Still, she knows she can’t ignore her comic side.
“The audience will be very disappointed if I show up to the stage in a tuxedo, keep my mouth shut and sit down on a chair and play for 90 minutes,” she said from her home in Los Angeles. “They probably want to say, ‘What’s a matter with that b----?’ ”
So her Hot Flamenco Night show is split in two — the first half featuring comedy, costume changes and current music, the second featuring the tuxedo and classical guitar.
“There is a balance,” she said.
Early lessons
Born with the breathtakingly long name Maria Rosario Pilar Martinez Molina Baeza in Murcia, Spain, Charo has fond memories of the gypsies who hung around her grandparents’ farm during the summers. Every day, she remembers, they played music and danced.
“They always say goodbye and celebrate the sunset and welcome the night — the moon,” she said. “And they make a big campfire. I can close my eyes and tell you it’s so beautiful to grow up like that.”
Thanks to the guitar training she got from the gypsies, she easily passed her audition for Segovia’s class.
“Segovia was a very serious man,” she said. “I don’t think he had too much sense of humor. Because I never saw him laughing or smiling.”
After lessons with Segovia, the teen went on to become a performer in Spain and eventually met bandleader Xavier Cugat, who married her—despite a significant age difference — so she could easily get to America. In the States, Carson saw her perform with Cugat at the Plaza Hotel in New York and had Cugat and Charo booked for his TV show.
While Carson didn’t anticipate the funny banter he would have with Charo, it was such a hit he would have her back dozens of times. (Her “cuchi cuchi” line, by the way, came from childhood. When calling for her dog, Cuchi, she would yell, “Como, Cuchi, como, Cuchi.”)
Numerous TV spots followed, and Charo would become a successful Vegas act. But after marrying businessman Kjell Rasten and having a child, she and the family moved in the 1980s to Hawaii, where they raised their son and ran a Mexican restaurant where Charo performed. The next time most people saw Charo again was on the VH1 reality show “The Surreal Life,” which puts celebs from yesteryear in a house together and records virtually everything.

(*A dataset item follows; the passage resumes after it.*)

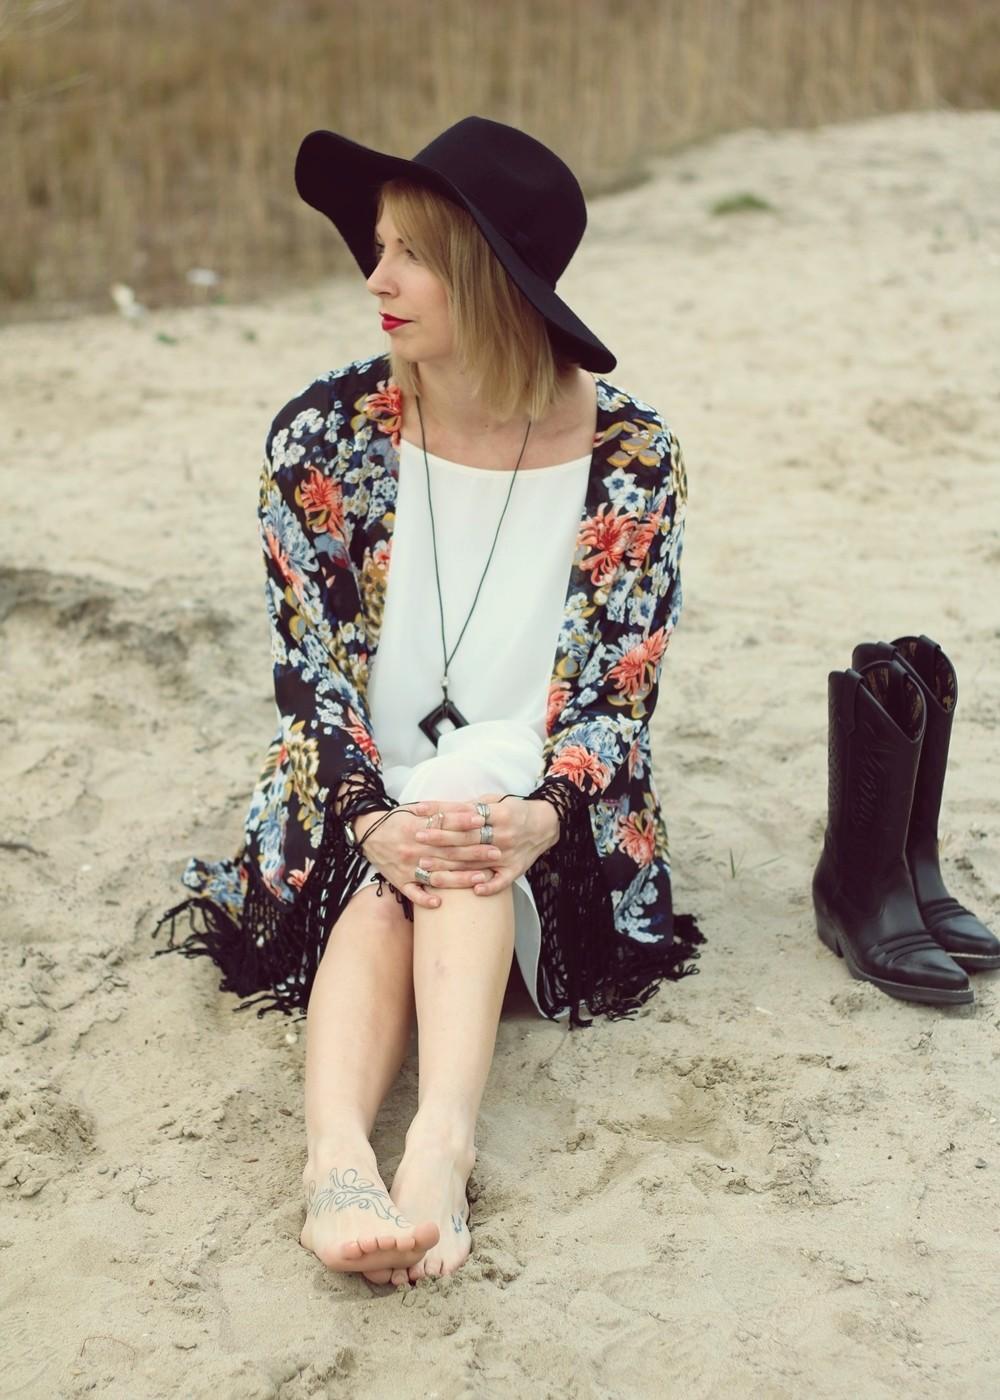 Fashionblogger Outfit Kimono weisses Kleid Cowboystiefel Schlapphut (13)

“When they called me, very seriously, the casting people said, ‘OK, I know you say no to reality show, I know you really don’t have any consideration for reality show,’ ” Charo recalled. “But VH1 promised that this show was going to be called ‘The House of Music,’ and that ‘you’re going to be there with a lot of musicians, same like you, or even better. And all of you together are going to make a hit.’ ”
While initially reluctant to do reality TV, Charo liked the premise.
“And I said, ‘I’m going,’ ” she said. “ ‘This is my opportunity to erase the stupid idea of the cuchi cuchi bullsh--.’ ”
The other houseguests weren’t quite what she was expecting, however. The first co-star she met was Flavor Flav, the gold-toothed hype man from Public Enemy, who arrived wearing a Viking hat. Then came Brigitte Nielson, actress and Sylvester Stallone’s ex-wife, who showed up drunk. The others didn’t make her feel much better: Jordan Knight, formerly of New Kids on the Block; Dave Coulier from the TV show “Full House;” and “American Idol” runner- up Ryan Starr.
She tried to escape through a window the first night, she said. But, “They got the whole house wired.”
So she decided to make the best of it.
“I said, ‘OK, I like comedy. I don’t want to be a b----.’ ”
While the burgeoning relationship between Flav and Nielson took the spotlight of the show, one episode did showcase Charo’s talents as a flamenco guitarist — revealing to many, for the first time, how good she was on guitar.
Since then, she’s continued to perform—and even had a dance hit with “Sexy Sexy” last year. But what she really wants to showcase is the skills she learned back when she danced with the gypsies.
“I understood the game,” she said of the entertainment business. Then she added, “This is the moment I say, ‘If you think that all I was was cuchi cuchi, I’m sorry to tell you that you have a surprise.’ ”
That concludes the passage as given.